The protagonist panicked. He immediately stopped the movie and fled the theater. But he kept feeling as if someone—or something—was behind him. When he turned around, all he saw was a single leg being pulled back out of sight.

He burst through the main doors. After only a few steps, he heard them open and close behind him. When he turned back, nothing was there.

He tugged at the strap on his shoulder, thinking it was his backpack.

But unbeknownst to him—

he was carrying Chaba on his back.

He returned home, still shaken, and soon heard strange noises coming from the bathroom. Following the sound, he found the same footprints from Brother Yuan's house. Behind the shower curtain, someone appeared to be brushing their hair.

When he pulled the curtain open—

No one was there.

But the comb on the floor, tangled with long strands of a woman's hair, made it clear:

He had indeed been haunted.

The next day, while helping coworkers hang posters, he inadvertently learned that the Chaba case in the movie was based on a real crime, something that truly happened. His fear deepened.

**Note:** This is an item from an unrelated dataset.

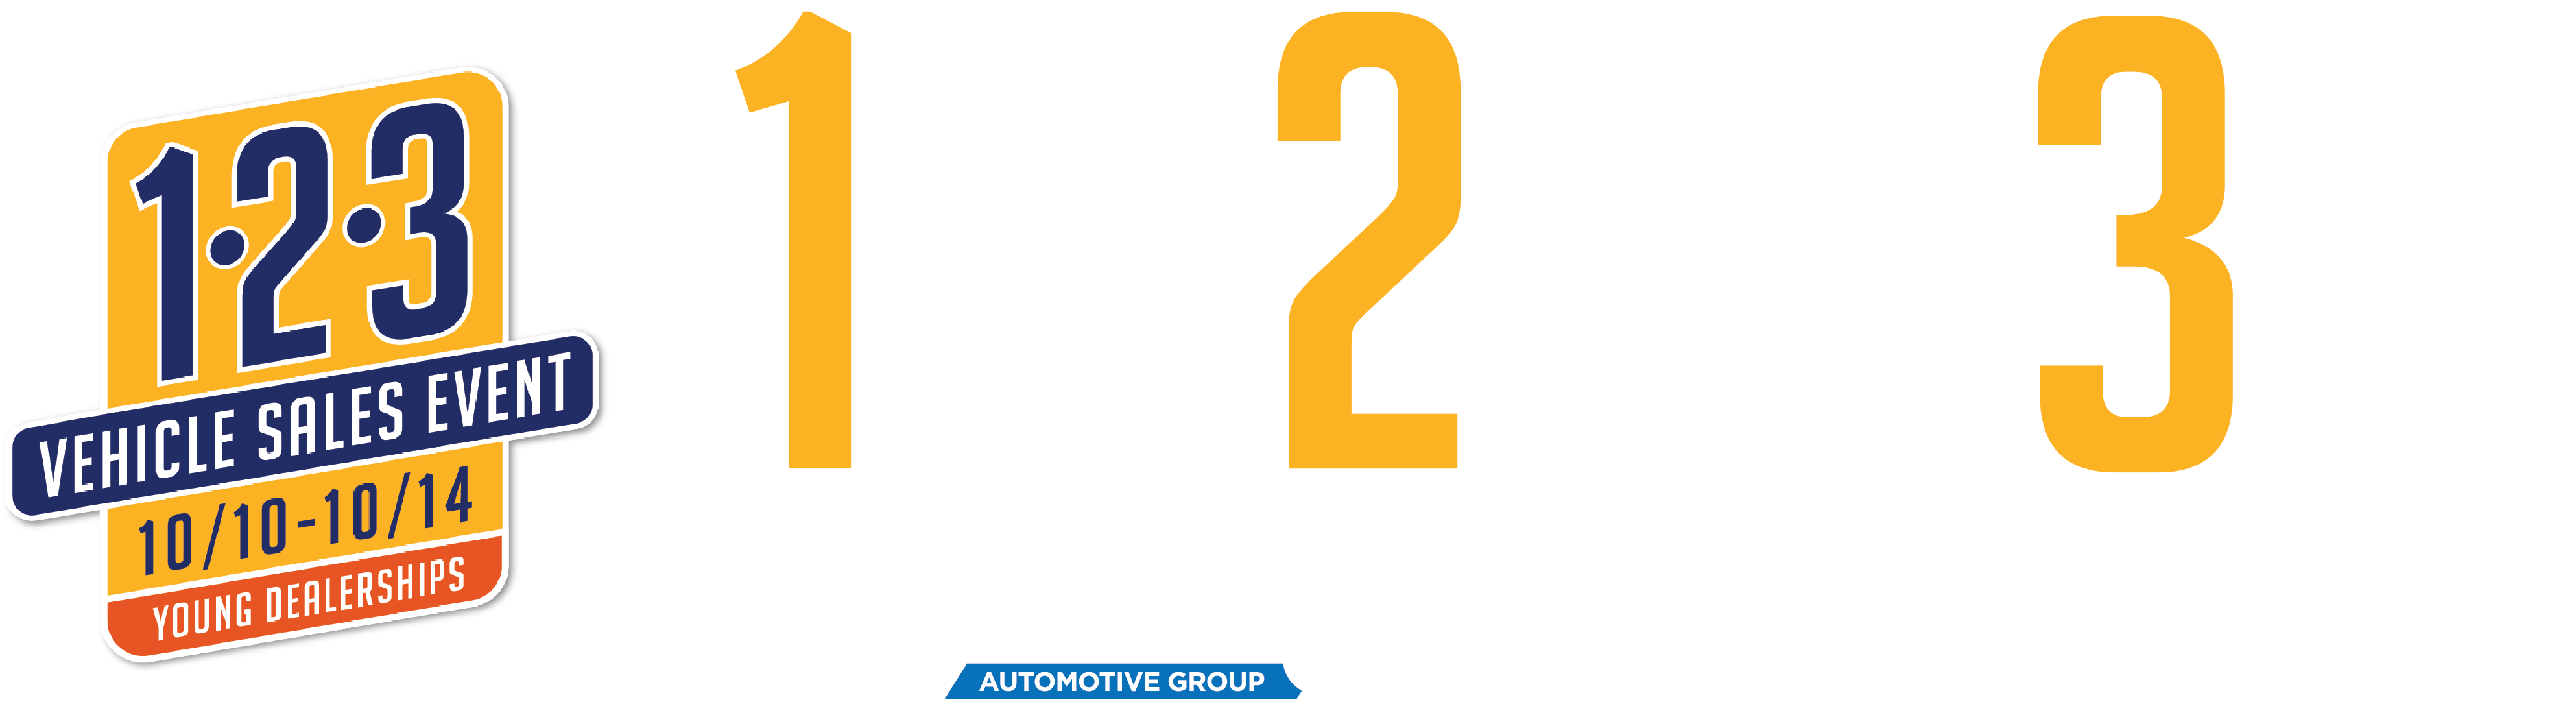 Vehicle Sales Event Promotion Banner

Back inside the theater, he thought he saw someone who looked exactly like Chaba. He went in to investigate but found nothing, and afterward got into a misunderstanding with two short coworkers.

His ex-girlfriend witnessed the scene and assumed he had relapsed into drug use. She confronted him, discovered the DV camera in his hand, and realized he had been pirating movies. Disappointed and angry, she scolded him, accusing him of resorting to illegal recording just to buy drugs.

The protagonist hurriedly explained everything that had happened these past few days.

But his ex-girlfriend remained skeptical—half believing, half doubting him.